"Marshall takes issue with The Post's reporting that "contrary to Wilson's assertions . . . the CIA did not tell the White House it had qualms about the reliability of the African intelligence that made its way into the 16 fateful words in President Bush's January 2003 State of the Union address." Actually, the CIA fought hard, and successfully, to keep the material about Africa, aspects of which were a matter of dispute, out of a major speech Bush gave in October 2002. But the Senate study points out that in January 2003, the CIA, which still believed Iraq was probably seeking uranium from Africa, did not tell the White House to take out those 16 words from the State of the Union address and that then-CIA Director George Tenet had not even read the speech beforehand." http://www.washingtonpost.com/wp-dyn/articles/A58334-2004Jul17.htmlShorter: You can't expect the WH to remember what intel is questionable, they're stupid.

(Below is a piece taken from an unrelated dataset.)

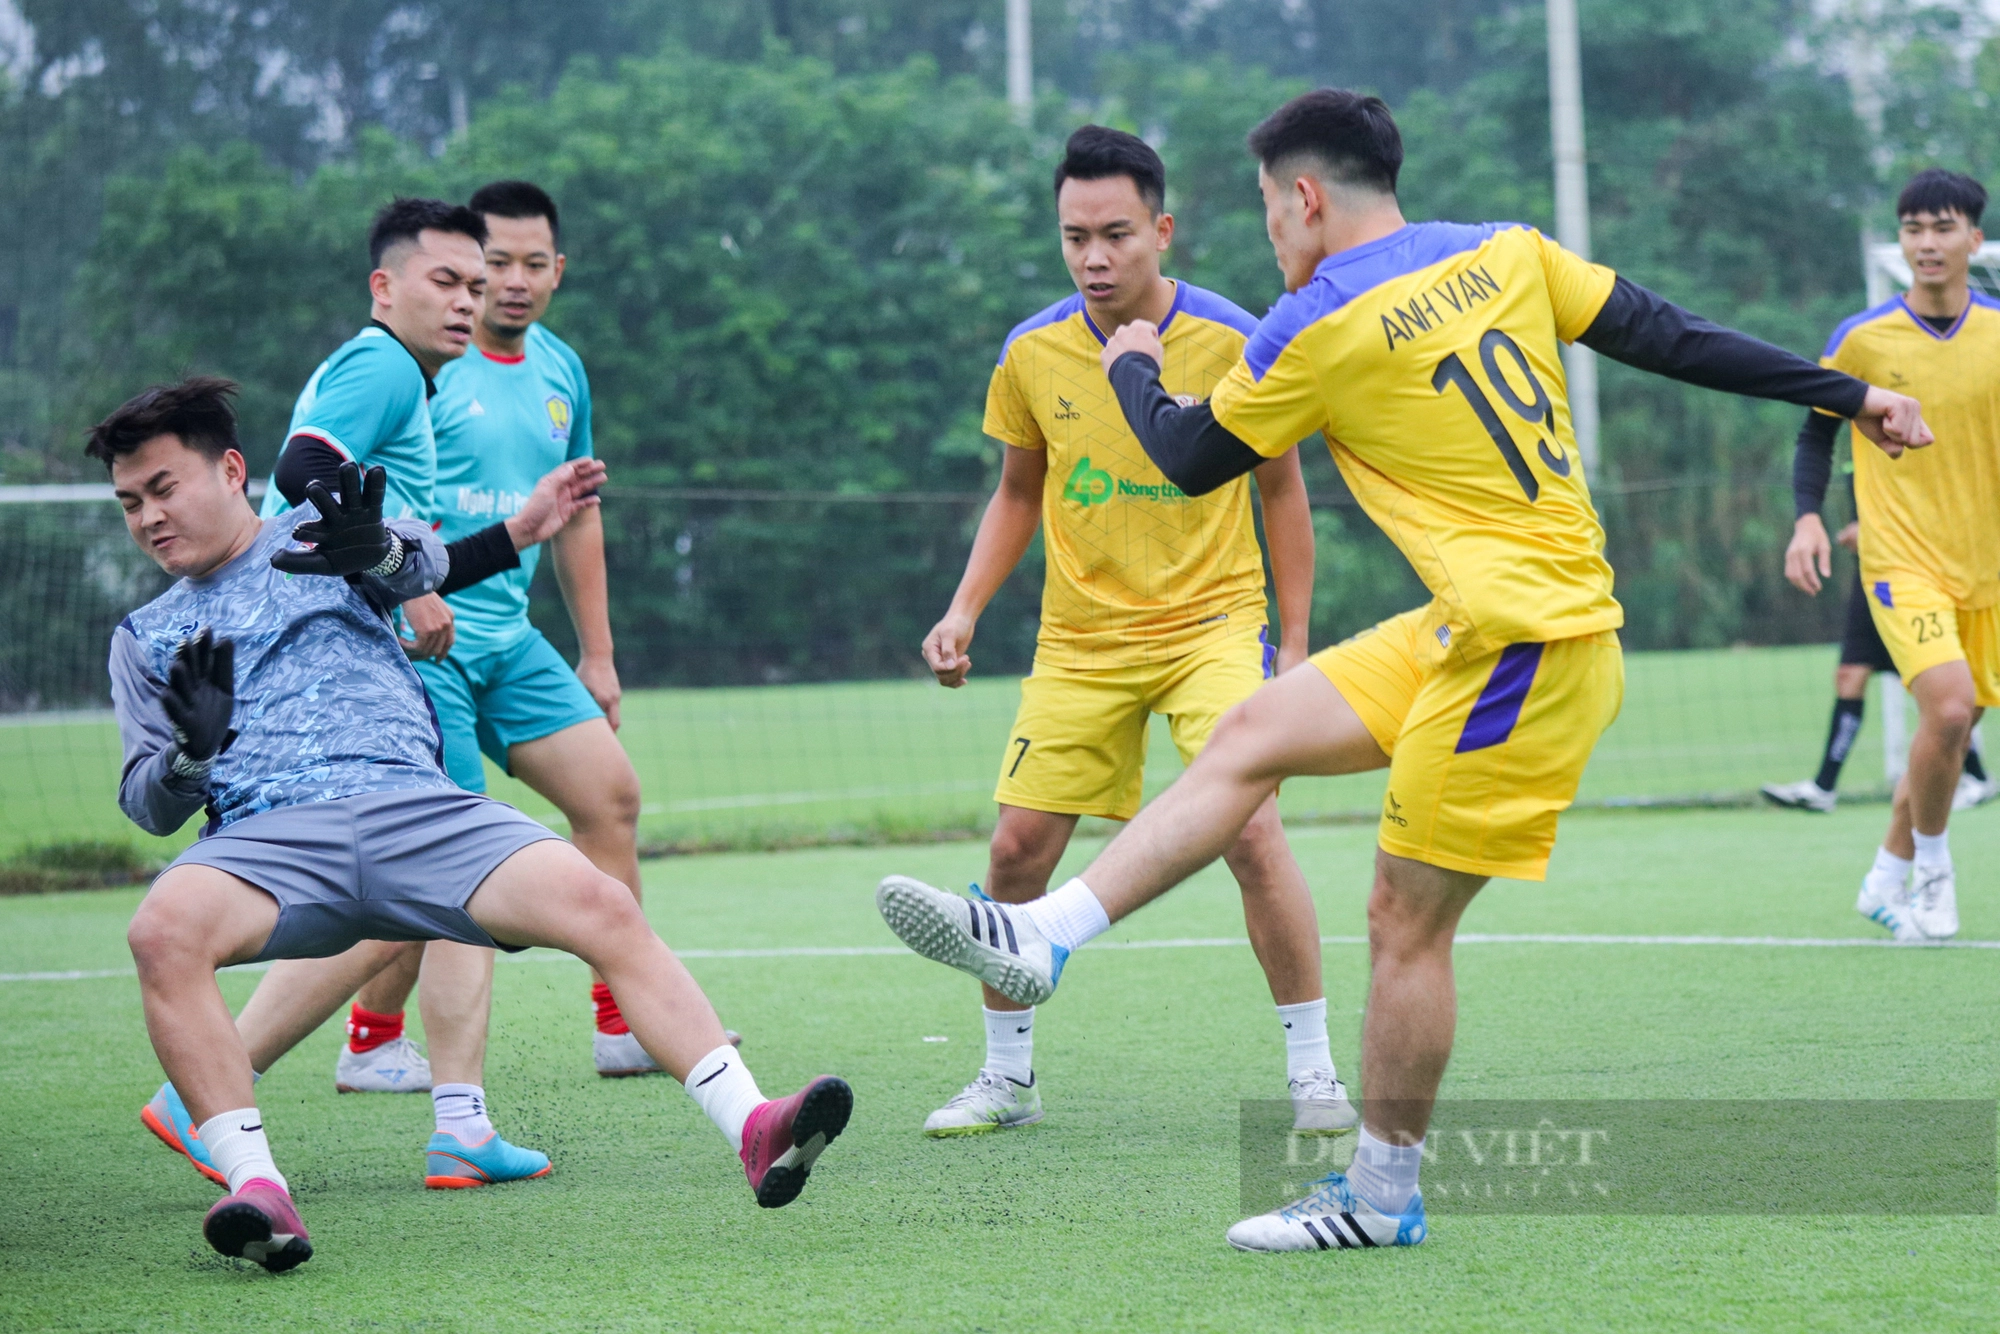 Lội ngược dòng ngoạn mục: Đội bóng Báo NTNN/Dân Việt giành vé vào chơi trận chung kết - Ảnh 4.

It's CIA's job to keep the WH in line, always!
Again, everybody - from the SSCI report, page 56:
<George Tenet> called the Deputy National Security Advisor directly to outline the CIA's concerns. On July 16, 2003, the DCI testified before the SSCI that he told the Deputy National Security Advisor that the "President should not be a fact witness on this issue," because his analysts had told him the "reporting was weak." The NSC then removed the uranium reference from the draft of the speech.